* **WHAT THIS TASK INVOLVES**: Find the line containing "Synology RackStation RS422+" in the records below. Copy exactly that line and each one after it, ending at the line containing "Pavilion earrings in", and nothing more.

* **THE DATA**:
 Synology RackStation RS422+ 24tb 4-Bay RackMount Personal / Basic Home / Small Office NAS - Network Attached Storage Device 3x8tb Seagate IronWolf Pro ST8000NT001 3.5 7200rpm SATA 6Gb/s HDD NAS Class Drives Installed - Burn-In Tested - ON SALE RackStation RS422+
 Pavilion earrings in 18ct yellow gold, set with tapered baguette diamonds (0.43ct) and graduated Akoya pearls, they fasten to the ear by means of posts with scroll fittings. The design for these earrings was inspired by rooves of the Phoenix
* * *
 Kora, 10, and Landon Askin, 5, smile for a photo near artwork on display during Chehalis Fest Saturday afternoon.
---
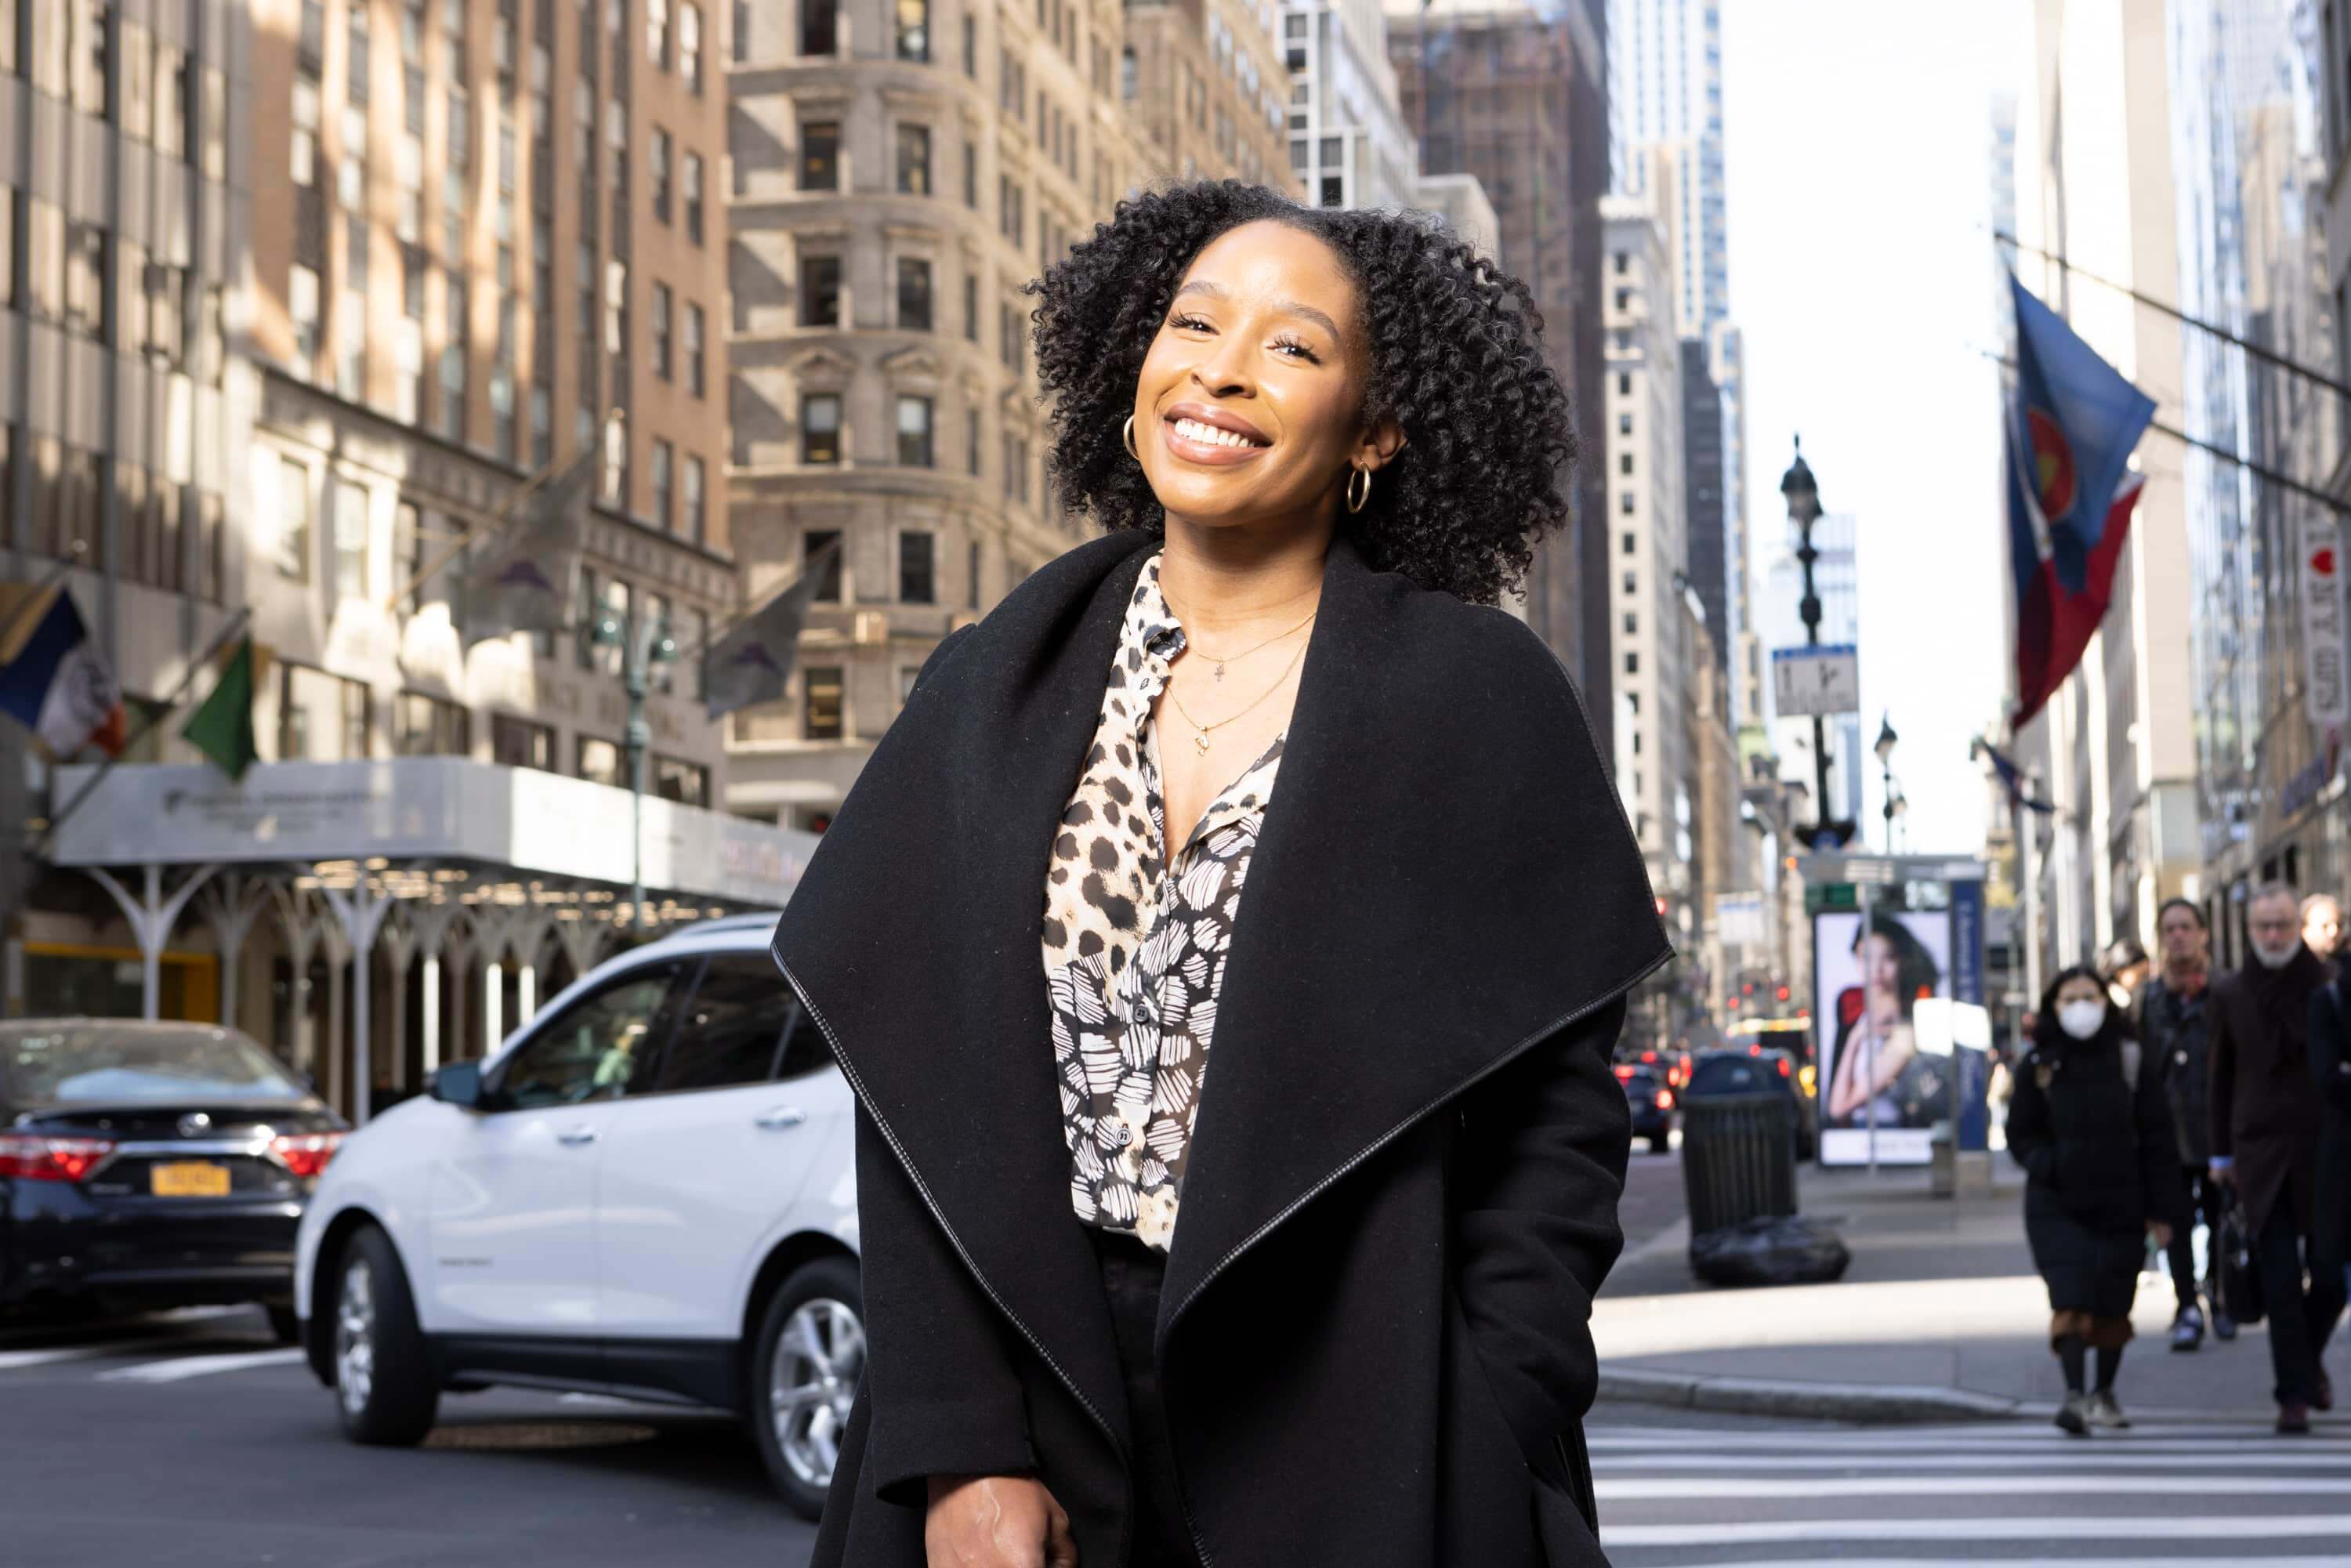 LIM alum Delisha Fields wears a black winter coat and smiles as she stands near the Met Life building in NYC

* **RESPONSE TO THE TASK**:
 Synology RackStation RS422+ 24tb 4-Bay RackMount Personal / Basic Home / Small Office NAS - Network Attached Storage Device 3x8tb Seagate IronWolf Pro ST8000NT001 3.5 7200rpm SATA 6Gb/s HDD NAS Class Drives Installed - Burn-In Tested - ON SALE RackStation RS422+
 Pavilion earrings in 18ct yellow gold, set with tapered baguette diamonds (0.43ct) and graduated Akoya pearls, they fasten to the ear by means of posts with scroll fittings. The design for these earrings was inspired by rooves of the Phoenix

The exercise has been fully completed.